To complicate matters, you can save Word documents as .RTF files --
which also support OLE Packaging -- which seems to defeat most mail
gateway scanning of OLE objects.
PROOF OF CONCEPT
I have produced various proof of concept documents here:
http://owned.lab6.com/~gossi/research/public/packager/
SalesOrder.rtf / docx -- lock your Windows workstation
OrderRemittance.xlsx -- reverses your left and right mouse buttons,
persists on reboot
These documents are clean for all antivirus providers, and tested to
pass Messagelabs etc (other cloud based email security providers are
available). I have also tested these documents on Malwarebytes
Anti-Exploit and a leading behavioral endpoint product (under NDA so
cannot name) - both fail to spot it. Additionally, it is not flagged
by Cuckoo Sandbox or Palo-Alto Wildfire sandbox. Through months of
testing it has become clear that security solutions simply do not
touch this issue.
As such, you can smash through firewalls to execute code on the
desktop, as long as a user clicks through a few warnings, with no way
to disable the functionality.
BACKGROUND
OLE Packager is a feature introduced in Windows 3.1, which ran "up to"

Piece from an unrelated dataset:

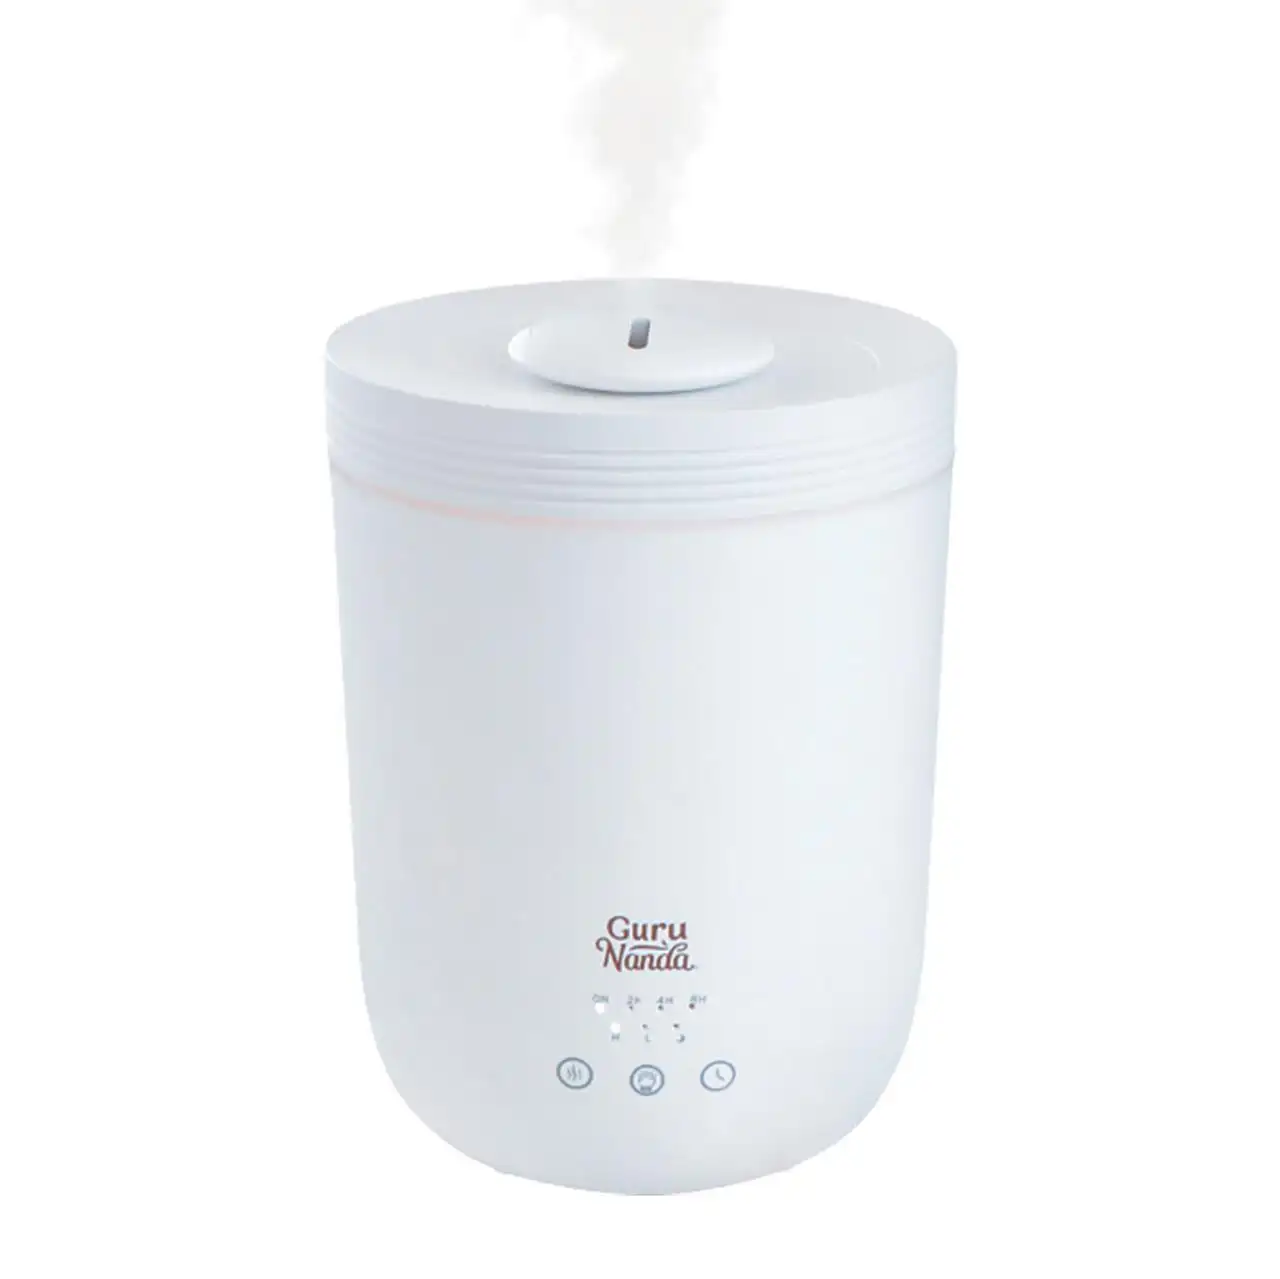 Halo XL Essential Oil Diffuser & Humidifier, Large Capacity, 22 Hour Run Time with Light & Sleep Modes

Windows XP: https://en.wikipedia.org/wiki/Object_Linking_and_Embedding
It is still present in every version of Microsoft Office, on every
Windows OS (including Office 2013 x64 on Windows 10 x64).

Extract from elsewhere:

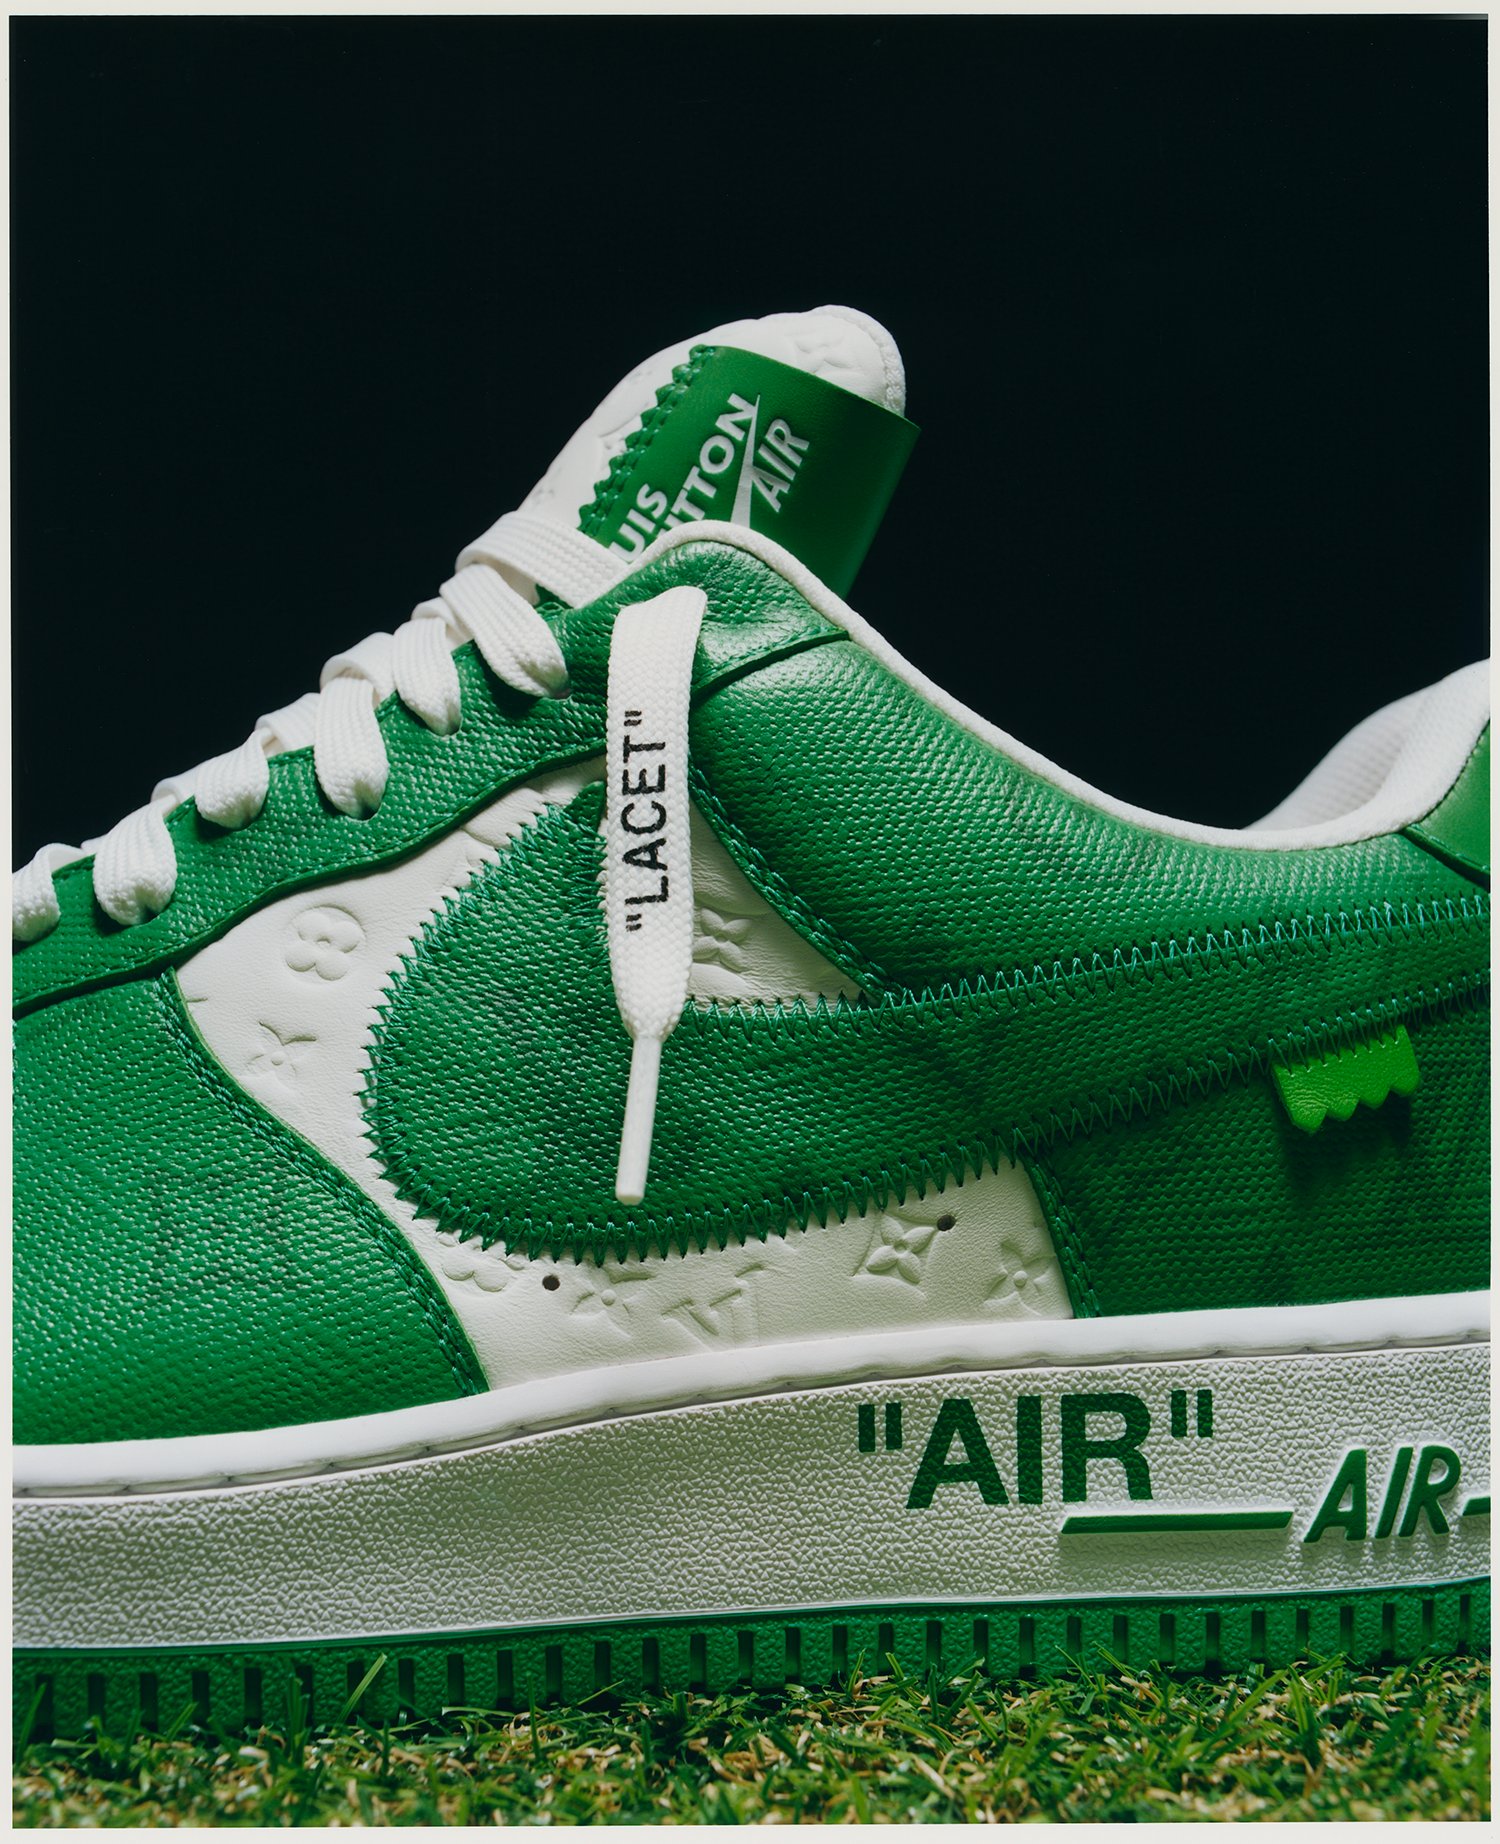 brendandunne on X: Louis Vuitton x Nike Air Force 1s with the

You can use the Office interface to place executable code into
documents - it's even fully GUI driven. Office 2010 -> Insert ->
Object.
Office handles this with a DLL file - packager.dll. To try to
mitigate against issues, in the past Microsoft produced a static
string of 'risky' file types, which add a warning message (the user
can still click through it). However, this static list has not been
kept up to date. For example, it does not recognise PowerShell, and
other executable types. You can also just .zip code to bypass user
warnings.
VENDOR RESPONSE
Microsoft were notified in March about the problem, and that threat
actors were experimenting with it in the wild. At the time they asked
me not to post information about the problem online. They have not
addressed the problem, and believe it is a feature of Office.
MITIGATION
Microsoft Office contains extensive and good security tools. For
example, you can digitally sign macros or designate "Trusted
locations" on your network for case-by-case enabling of risky
features. OLE Packager is not covered in this protection; it is
always enabled. This is the key issue.
If you have Microsoft EMET already deployed, add a rule for Excel,
Winword and Powerpoint -- it needs to be an ASR rule which denies
packager.dll. Because you cannot control this on a
document-by-document basis, you may break legitimate OLE Packager
usage (e.g. embedding Excel documents in PowerPoint).